The size of the embeddings varies with the complexity of the underlying model. In order to visualize this high dimensional data we use the t-SNE algorithm to transform the data into two dimensions.

The individual reviews are coloured based on the star rating which the reviewer has given:

• • 1-star: red
• • 2-star: dark orange
• • 3-star: gold
• • 4-star: turquoise
• • 5-star: dark green

The visualization seems to have produced roughly 3 clusters, one of which has mostly negative reviews.
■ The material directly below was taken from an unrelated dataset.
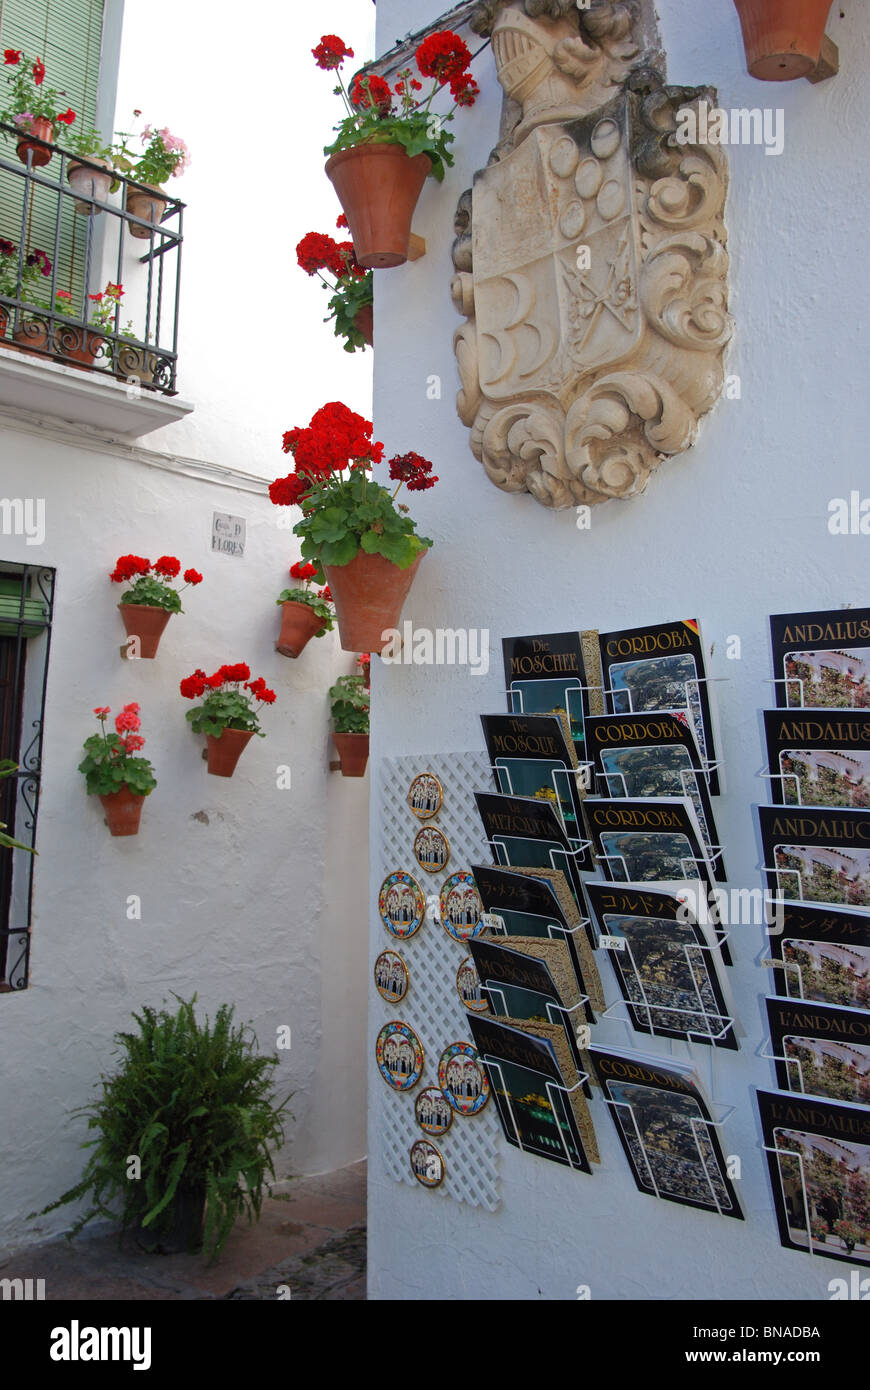 Calle de las flores cordoba hi-res stock photography and images - Alamy

This code is a way to visualize the relationship between different Amazon reviews based on their embeddings and scores. The t-SNE algorithm is particularly good at preserving local structure in high-dimensional data, making it a popular choice for tasks like this.

import pandas as pd
from sklearn.manifold import TSNE
import matplotlib.pyplot as plt
import matplotlib

df = pd.read_csv('output/embedded_1k_reviews.csv')
matrix = df.ada_embedding.apply(eval).to_list()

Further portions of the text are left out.